The essays also address the ethical dimensions of teaching, a subject that has not received the attention it deserves. Good teachers, Joyce Garvin argues, are powerful and influential people who are often so preoccupied with their own understanding of the subject matter that they are unaware of how much they influence their students. Even if dedicated to enabling students to exercise independent judgment, Garvin suggests, teachers are always at risk of exercising "undue influence" by virtue of their expertise, or alternatively of not exercising enough "due influence" in their role as enablers. Teachers with encyclopedic knowledge of their subjects, John Hildebidle observes, are not necessarily good teachers, even when their students value and respect them. Good teaching, in the ethical sense, enables students to engage in intellectual discourse, to learn how ideas are shaped and used, and to articulate those ideas clearly. Knowledgeable teachers often slip into defining teaching as knowing and telling it all.
The ethical dimensions of teaching, David Garvin argues, usually take the form of dilemmas that require decisions but have no obvious right answers: valuing divergent questions versus keeping the discussion on track, acknowledging right answers versus encouraging deliberate discussion, publicly revealing students' flawed reasoning versus correcting students' understanding, capitalizing on an individual's feelings for the purpose of making a good teaching point versus respecting the individual's personal stake.4 Teaching, it seems, is a struggle for mastery not only of content and craft, but also of self. Learning to teach is, in important respects, learning to view one's own knowledge and expertise as instrumental to others' learning, rather than as something to be displayed.

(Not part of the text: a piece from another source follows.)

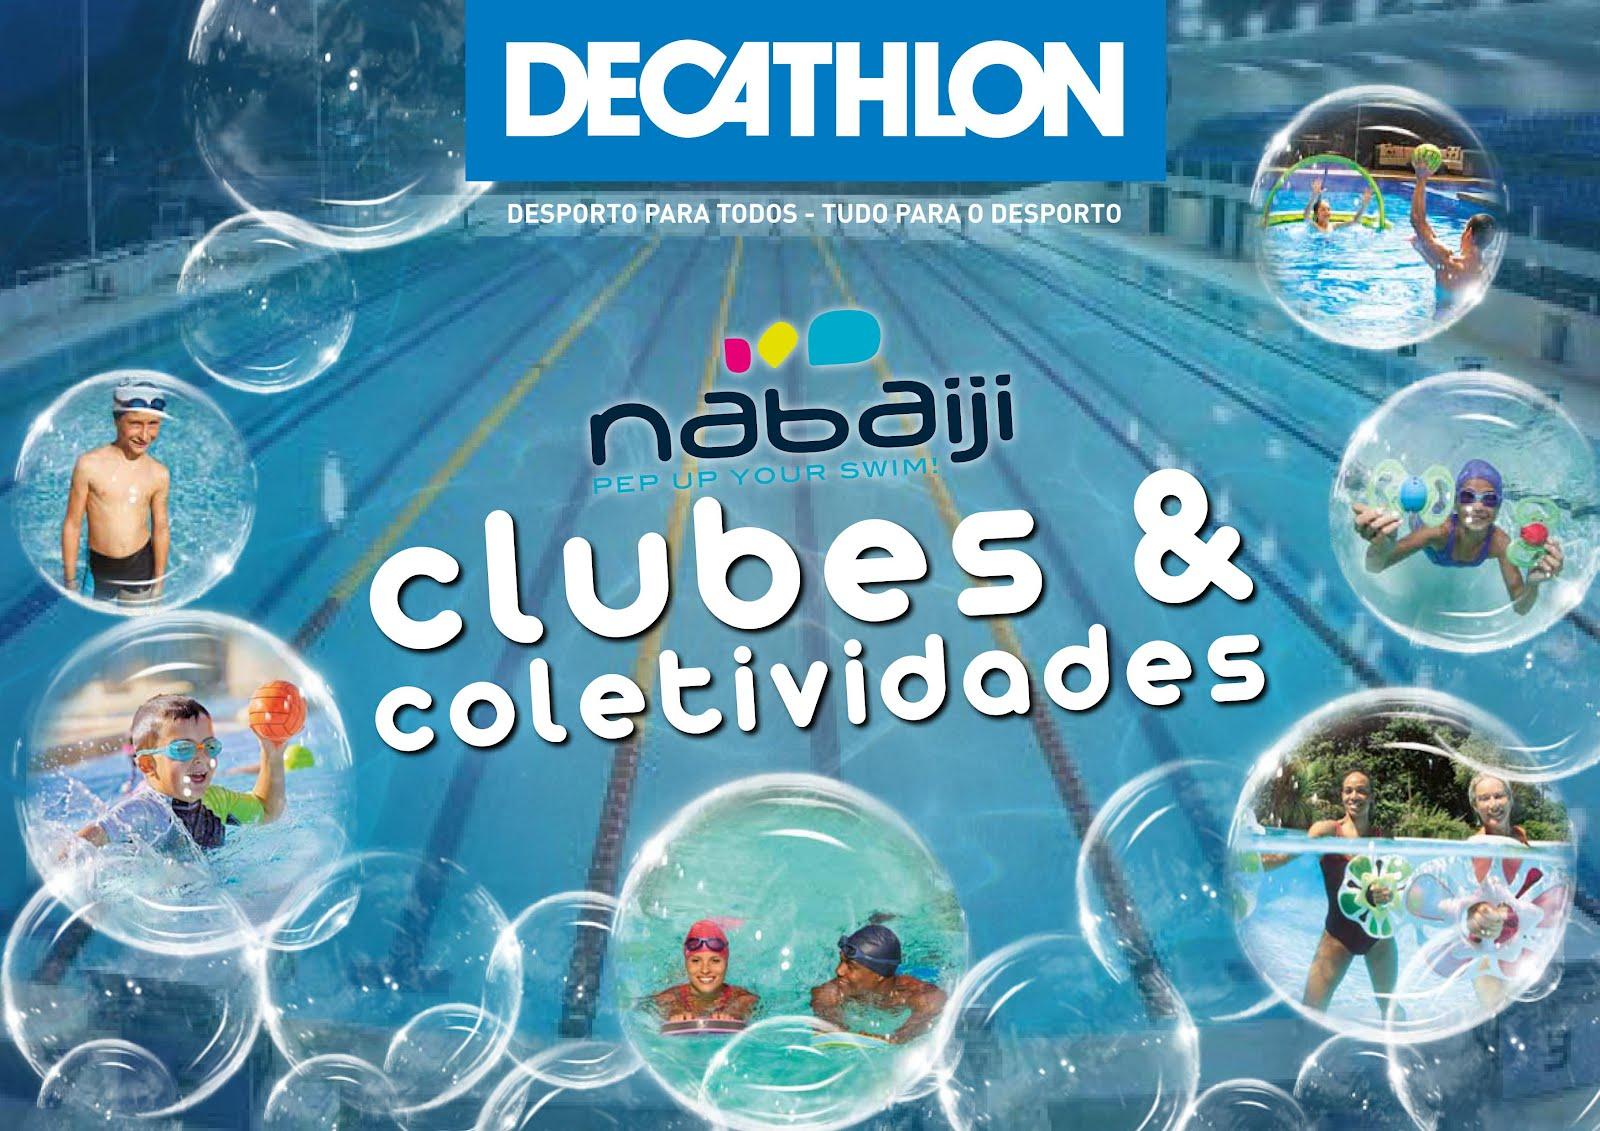 Beba Água  Decathlon  Bom regresso ao Desporto! 944a3a1cd81f1

This book aims to persuade us that teaching is an essentially transformational vocation. The aim of teaching is not only to transmit information, but also to transform students from passive recipients of other people's knowledge into active constructors of their own and others' knowledge. The teacher cannot transform without the student's active participation, of course. Teaching is fundamentally about creating the pedagogical, social, and ethical conditions under which students agree to take charge of their own learning, individually and collectively. These essays help us to understand what those conditions are.
To introduce more ambitious conceptions of teaching, however, we must not only change the way teachers and students think about teaching and learning; we must also transform the institutional conditions in which teaching and learning occur.